Now, let’s consider the statement you have just read. What would prompt this writer to make this prediction with such confidence more than a year before the event?
 
First the Obama Administration has, over the last two plus years, accomplished much on behalf of working people. We have seen the passage of a stimulus package that prevented the Great Recession from deteriorating into a second Great Depression. We have seen the passage of health care legislation that expands affordable coverage to millions of working Americans and their families. And we have seen Presidential appointments to the Supreme Court, to the Cabinet and to the National Labor Relations Board (NLRB) that all have the potential to change the environment in which American workers struggle. We have been encouraged by the President’s recent pledge that Social Security, Medicaid and Medicare would not be cut while he was in the White House. And we can point to other recent developments that underline the significance of the changes that have occurred since the departure of George W. Bush from the White House.
 
Most recently, for example, action by NLRB general counsel and Obama appointee Lafe Solomon to try to block the Boeing Corporation's planned expansion of aircraft production at its South Carolina plant with non-union workers has drawn wide press attention and sent shock waves through the corporate community. Solomon described Boeing's move as an "illegal retaliation" against unionized workers in its Washington state plants. Indeed the quick and extensive coverage in the corporate media suggests how high the stakes are for American workers. The Wall Street Journal said the ruling would set “a terrible precedent … and undercut the right-to-work statutes in 22 American states.” On the other hand the New York Times, citing statistics on declining union density over recent decades, called the board’s action “a welcome effort to defend workers’ right to collective bargaining.” The point here is that this action by the NLRB would have been unthinkable during the Bush years.
 
So maybe that is the good news. Of course much of the news has not been so good.
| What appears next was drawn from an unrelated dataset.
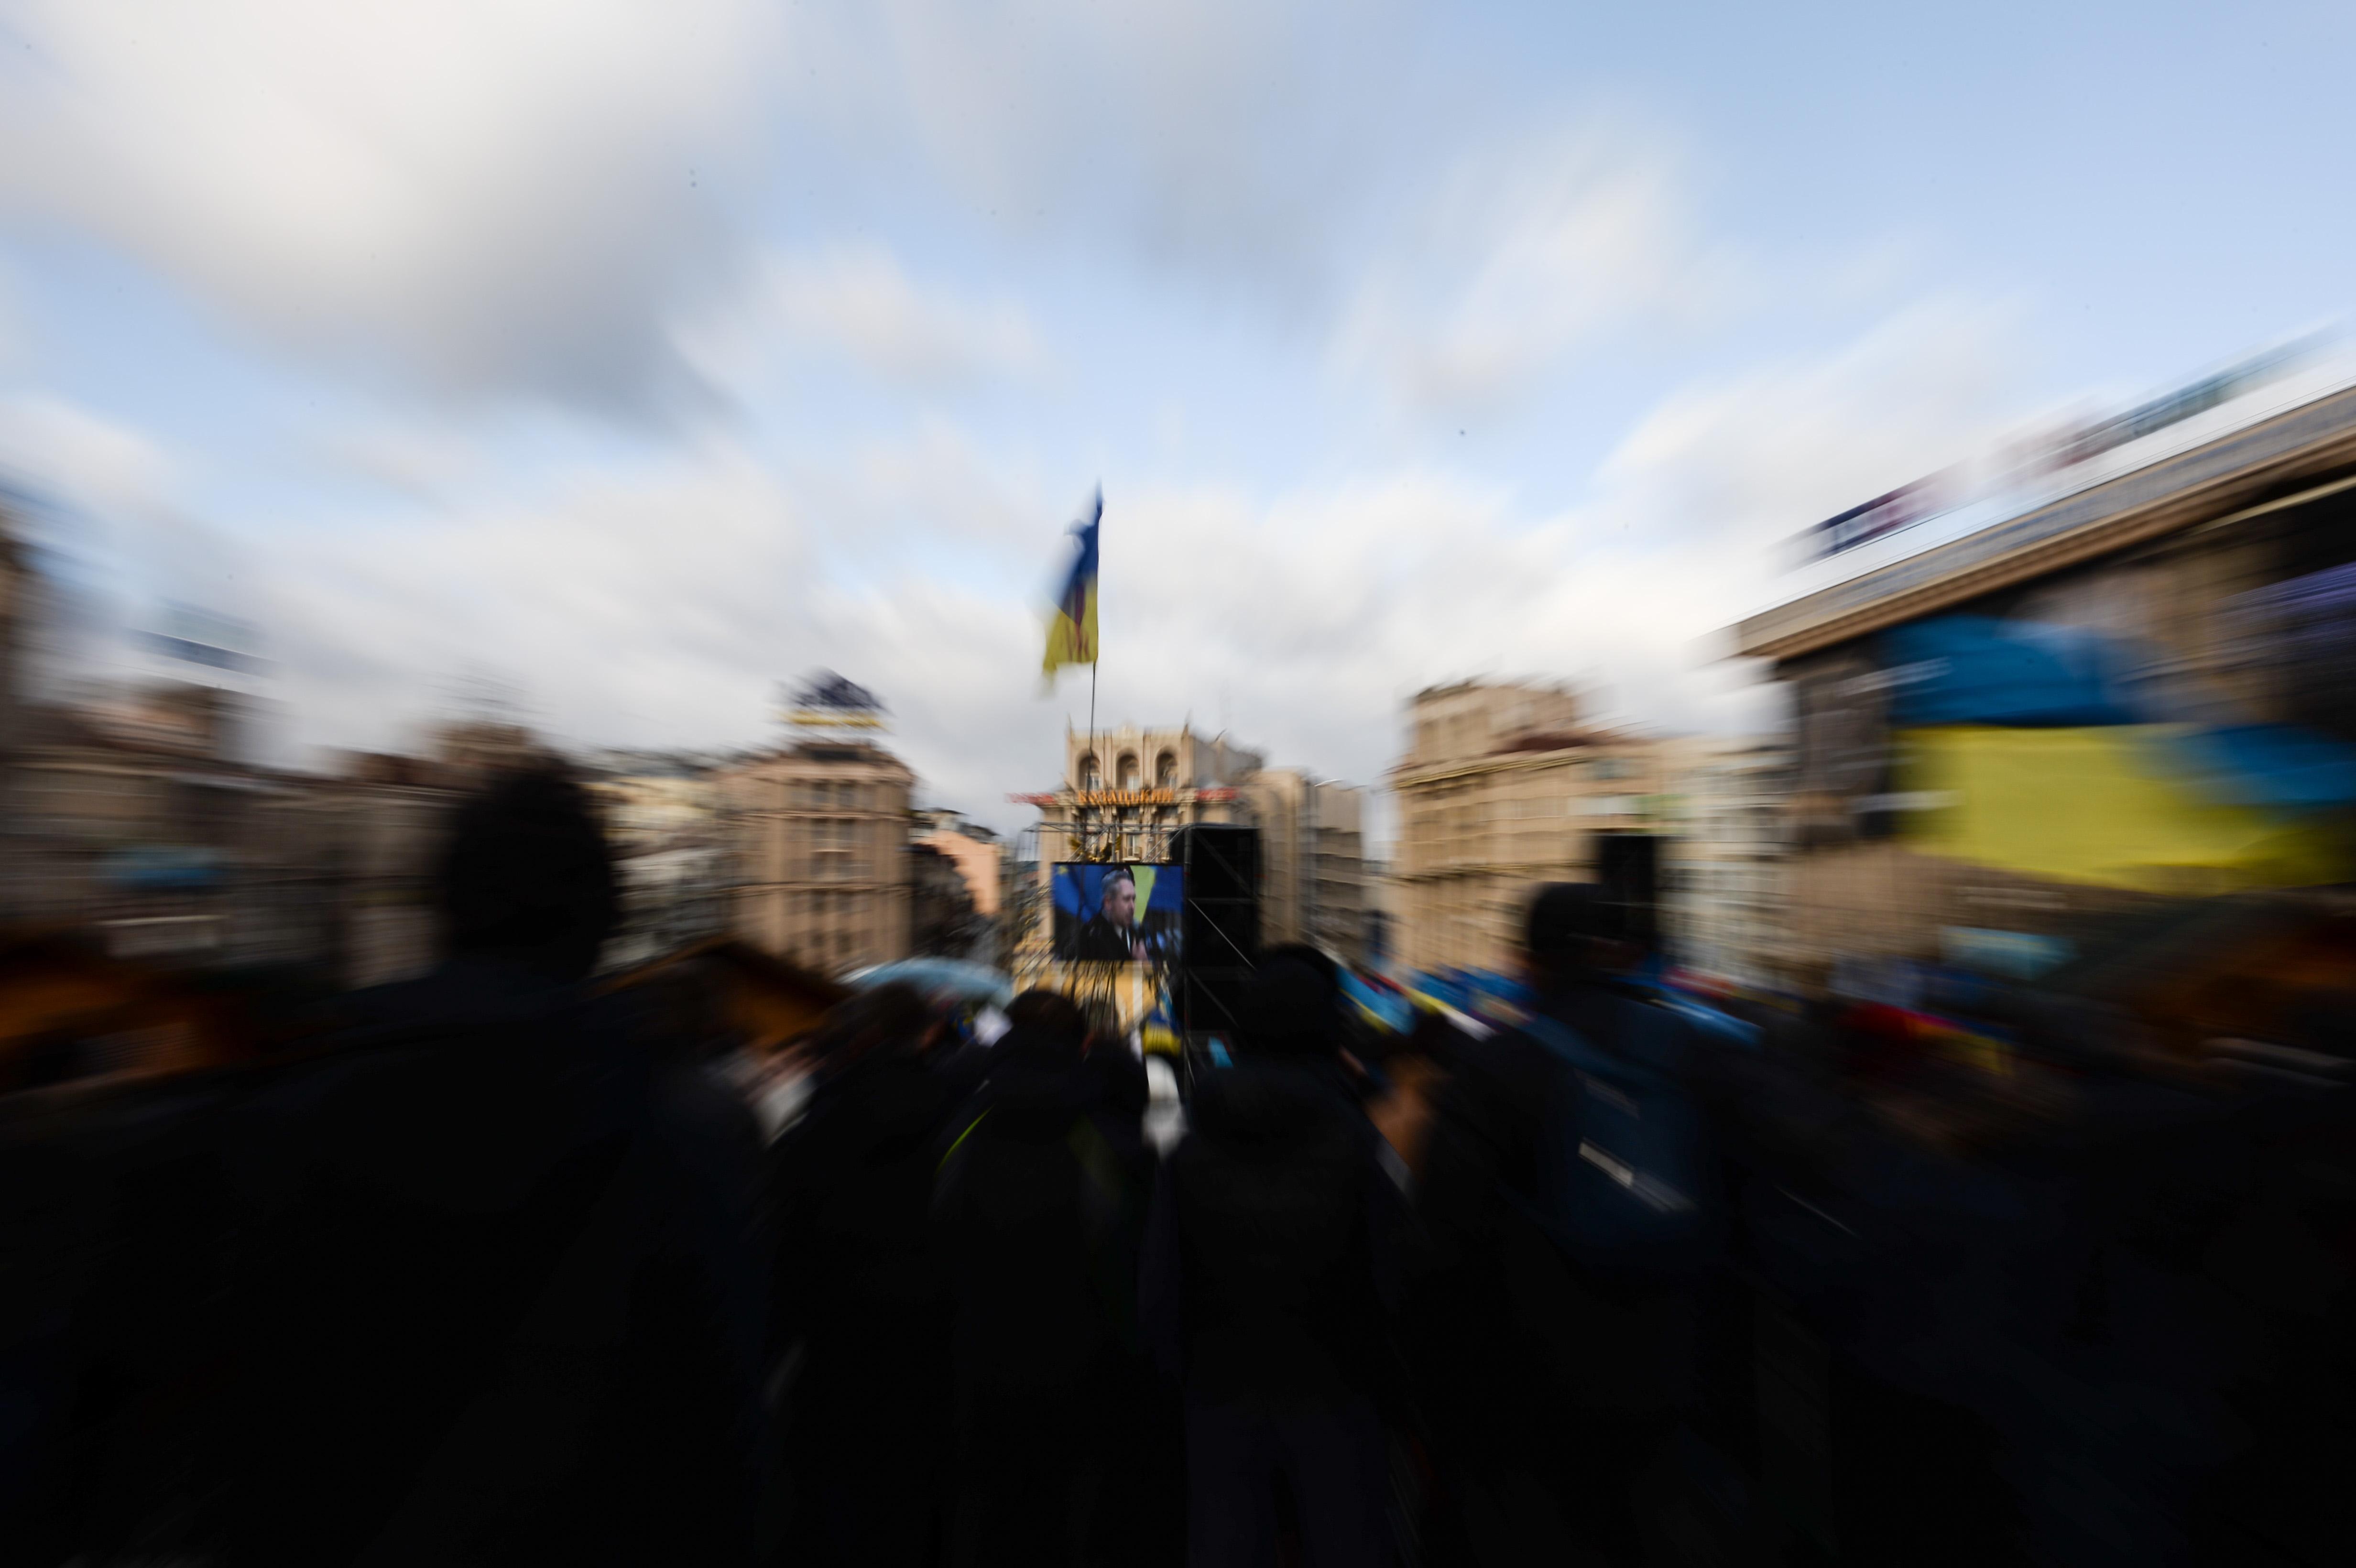 Manifestation sur la place Maïdan à Kiev © Allpix Press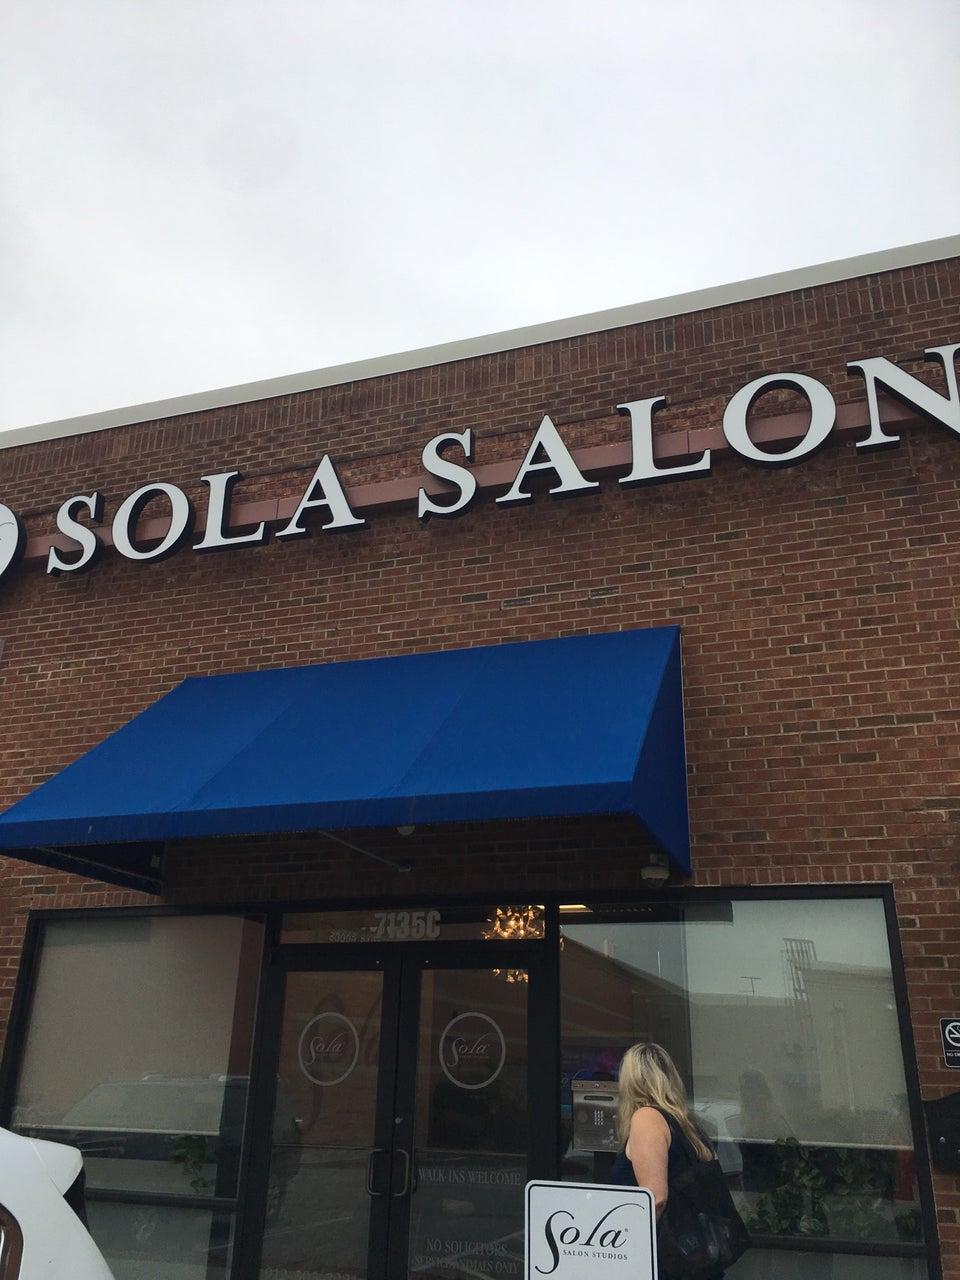 Sola Salon 7135 Hodgson Memorial Dr Unit C, Savannah

The conservative assault on the rights of the nation’s working people is so widespread and intense that labor is faced with enormous challenges in state after state across the country as well in the struggle to change the make-up of Congress in DC. Labor’s effort in 2012 is likely to be more determined and focused more on developing its own political independence than it was in 2008. The recent stunning developments in the Midwest, in Wisconsin, Indiana and Ohio in the first place, show clearly how intense the contest will be and what workers are ready to do bring a positive outcome. The workers of our country, in both the public and private sectors, have by all indications gained considerable confidence, consciousness and understanding over the last couple of years.
 
There is no question that we have had some major disappointments. The Employee Free Choice Act, once considered so close to passage, is still not the law of the land and remains unfinished union business. The health care law, as big a step forward as it is, lacks a public option. And most serious of all, unemployment remains stubbornly high, and as AFL-CIO President Richard Trumka recently observed, “successful job creation is the key to making long-term deficit reduction both easier and more politically achievable.” And he went on to say, “President Obama does not yet have the balance right between spending cuts and new revenue …” as he warned against “balancing the budget on the backs of the poor and the middle class.”
 
And it is clear that there remain deep disagreements between certain sections of the labor movement and the Administration. For instance, to the teachers’ unions, Secretary of Education Arne Duncan’s “Race to the Top” looks too much like the universally rejected “No Child Left Behind” initiative which characterized the Bush years.
 
What needs to be emphasized is that the disagreements and the disappointments should not dampen labor’s support for Obama in 2012. If anything, these experiences will strengthen labor’s determination to flex its muscle, to struggle to defeat conservative and reactionary anti-people candidates, and to build and expand its own independent role in our nation’s politics. This will require labor to reach out and build alliances with other core forces with renewed determination. This has been the message from labor speakers at rallies across the country this spring. As Patrick Eiding, President of the Philadelphia AFL-CIO told a rally against education cuts on April 4, “We are coming together as working people, union and non-union. We have to spread the word that we will not let corporate leaders steal our country.” Or as Randi Weingarten, President of the American Federation of Teachers (AFT) told the same rally honoring Dr. Martin Luther King, “King walked to bring together the labor community and the civil rights community; we need to bring them together as never before.”
 
As we celebrate May Day 2011 this has to be the vision of the American labor movement. That will be preparation for 2012.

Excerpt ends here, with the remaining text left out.